Pace of play is No. 1 on Major League Baseball commissioner Rob Manfred’s list of improvements. The question, as always, is how to improve the pace of the game without dramatically affecting the fabric of the game as we know it.
I’ve never been one who minded watching a long game at the Major League level. Part of baseball’s charm or curse, depending on your perspective, is that there’s no clock. Time never runs out like it does in basketball, football, soccer or hockey.
Each team gets the same number of outs. If you’re behind when you are out of outs, the game is over. So in MLB games, each team is guaranteed 27 outs during nine innings, unless the home team is ahead after the visiting team has batted in the top of the ninth.
If you are a TV or radio announcer in baseball, you better have plenty of statistics and stories to tell, because there’s ample time to use both.
Sometime in the future there likely will be a pitch clock, 20 seconds between pitches. If a pitcher goes past that, a ball will be assessed.
One of the funnier stories is when first baseman Mark Grace screamed at pitcher Steve Trachsel to throw the ball: “It’s hot out here!” And they were teammates.
Replay reviews might be an easy target, but that argument is misguided. On a full night of 15 MLB games, just 10 plays get reviewed on average. Not that lengthy reviews are appreciated. “The 4-minute-and-50-second reviews don’t make me that happy,” Manfred said.
A pitch clock has been used at various levels, and it might help, but that’s not the only issue.
Other concerns include how many trips a pitching coach, the catcher or manager make to the mound. Hitters stepping out of the box to readjust their batting gloves after every pitch adds time to the game.
Is it necessary to throw the ball around the horn after every out? If there’s a strikeout, why not have the catcher simply throw the ball back to the pitcher?

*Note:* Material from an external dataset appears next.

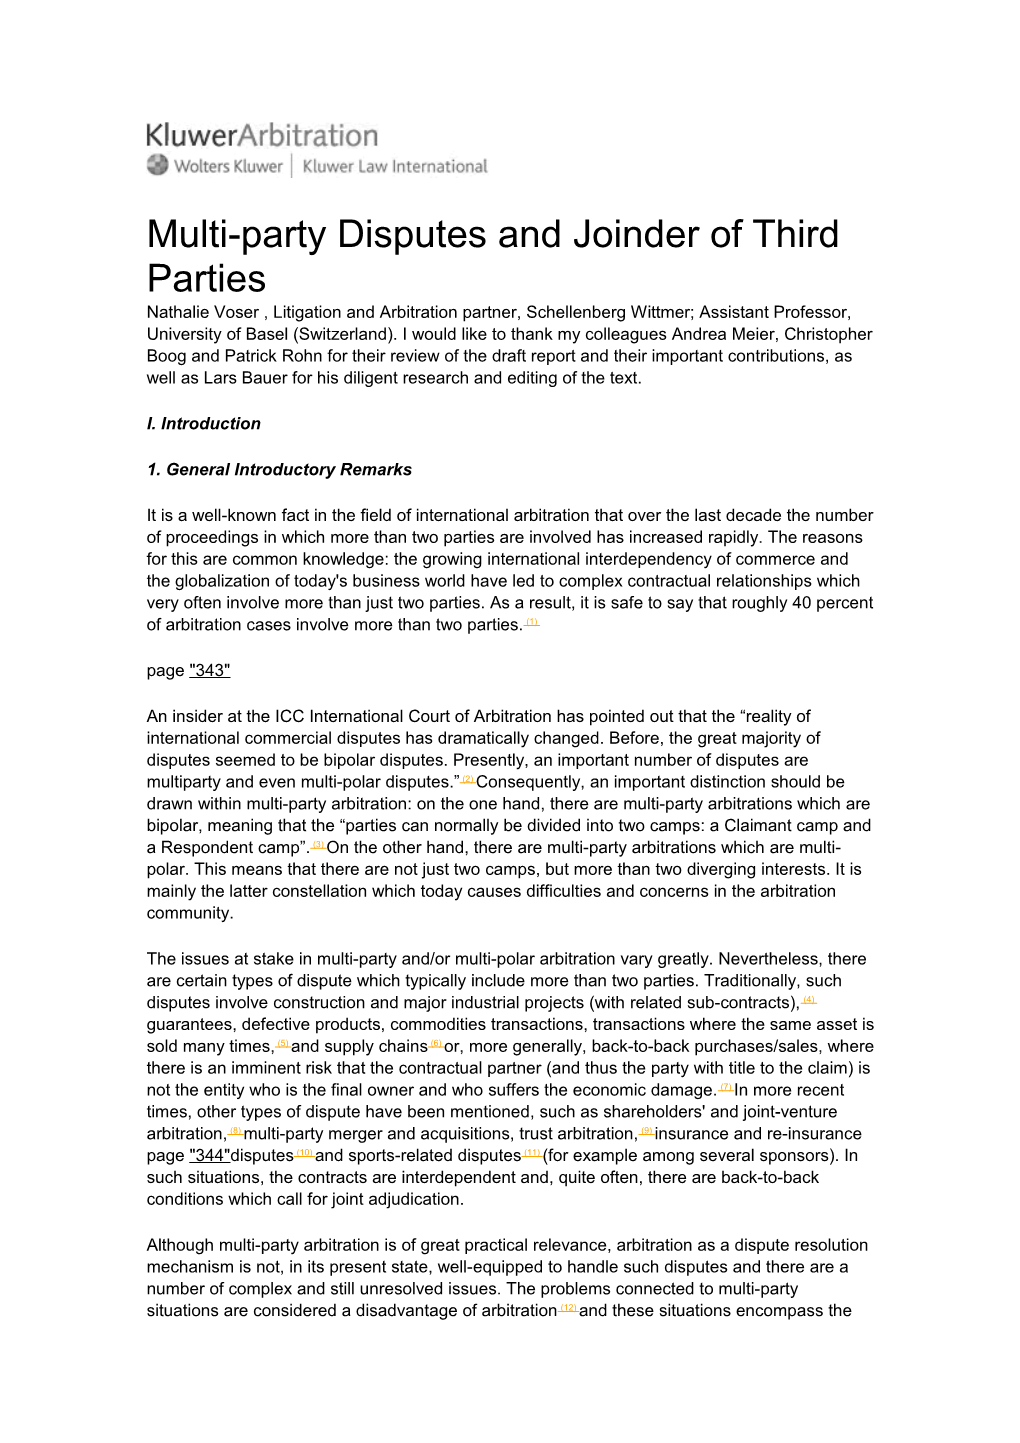 Multi-Party Disputes and Joinder of Third Parties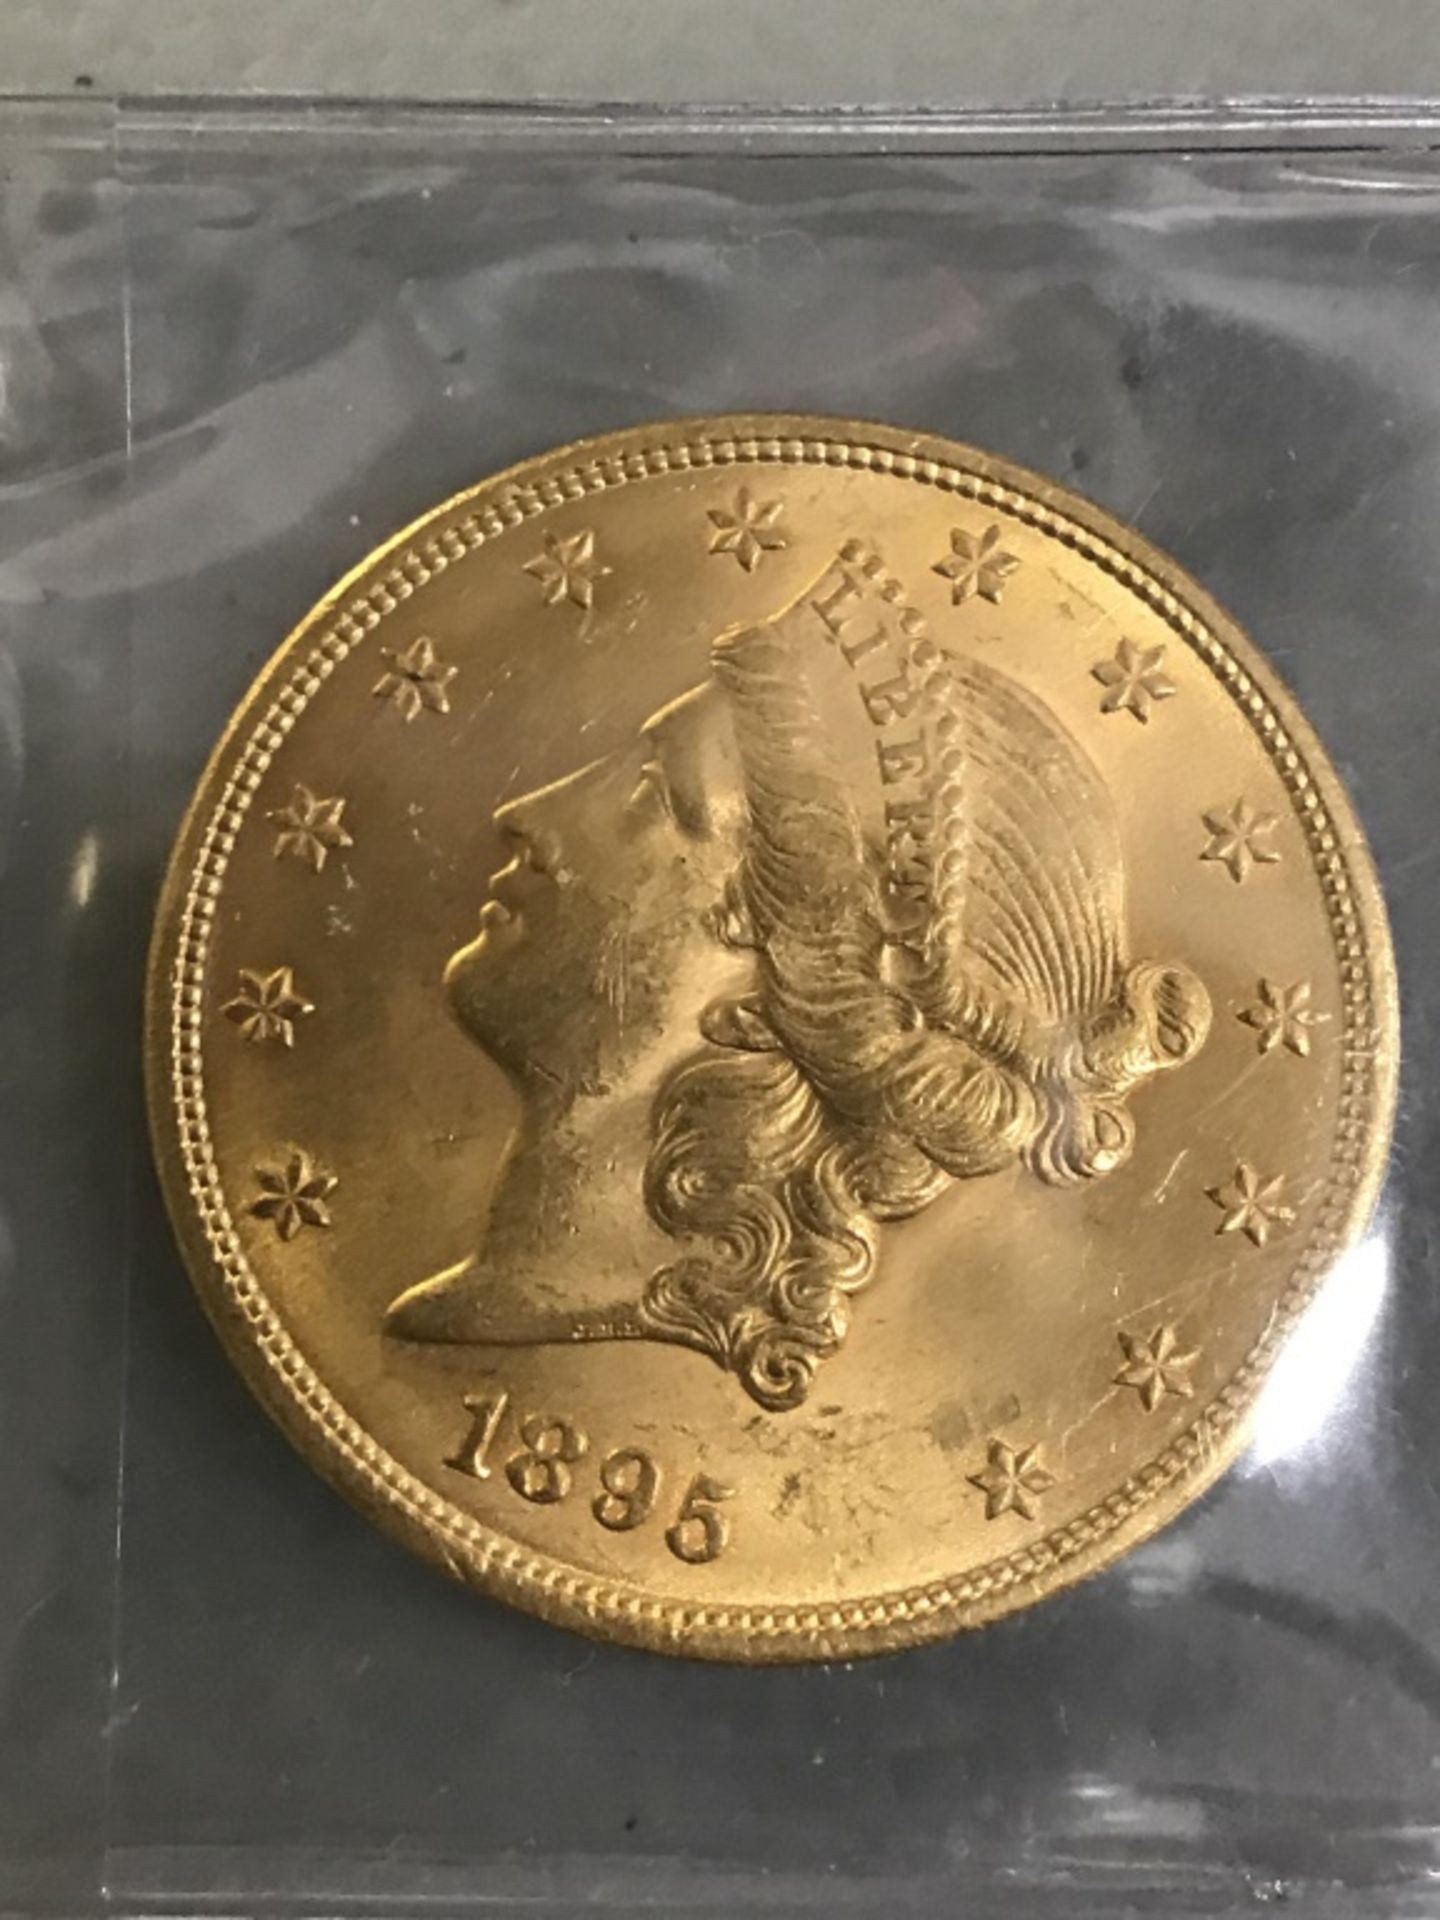 $20 US Gold 1895 Coin - Image 3 of 9

Pitching changes also adds to the length of a game, especially when they’re not between innings.
The four-pitch intentional walk, terminated for the start of the 2017 season, was the scapegoat in the pace-of-game discussion.
In the first couple of weeks of the baseball season, there were 55 of the new abridged freebies, saving 220 pitches and roughly 36 minutes over two weeks. After the first 119 games, the length of a nine-inning game actually jumped to 3 hours, 5 minutes, 45 seconds, according to early data. That’s more than a five-minute increase from last season and almost 10 minutes from 2015.
“Pace of game almost has to be a continually evolving concept in a sport that doesn’t have a clock,” said Chris Marinak, MLB senior vice president, who is overseeing the pace-of-game initiatives. “So we’ll continue to make tweaks to the rules as we think that’s appropriate. But at the same time, we have to be cognizant of not changing those core elements that make baseball special.
“We’d like to minimize dead time by taking elements out of the game that are not essential to that core. But we’re not going to do things that change the nature of this sport.”
Are baseball games too long? It depends on who you ask. This much I know: there’s plenty of time to talk about it during the game.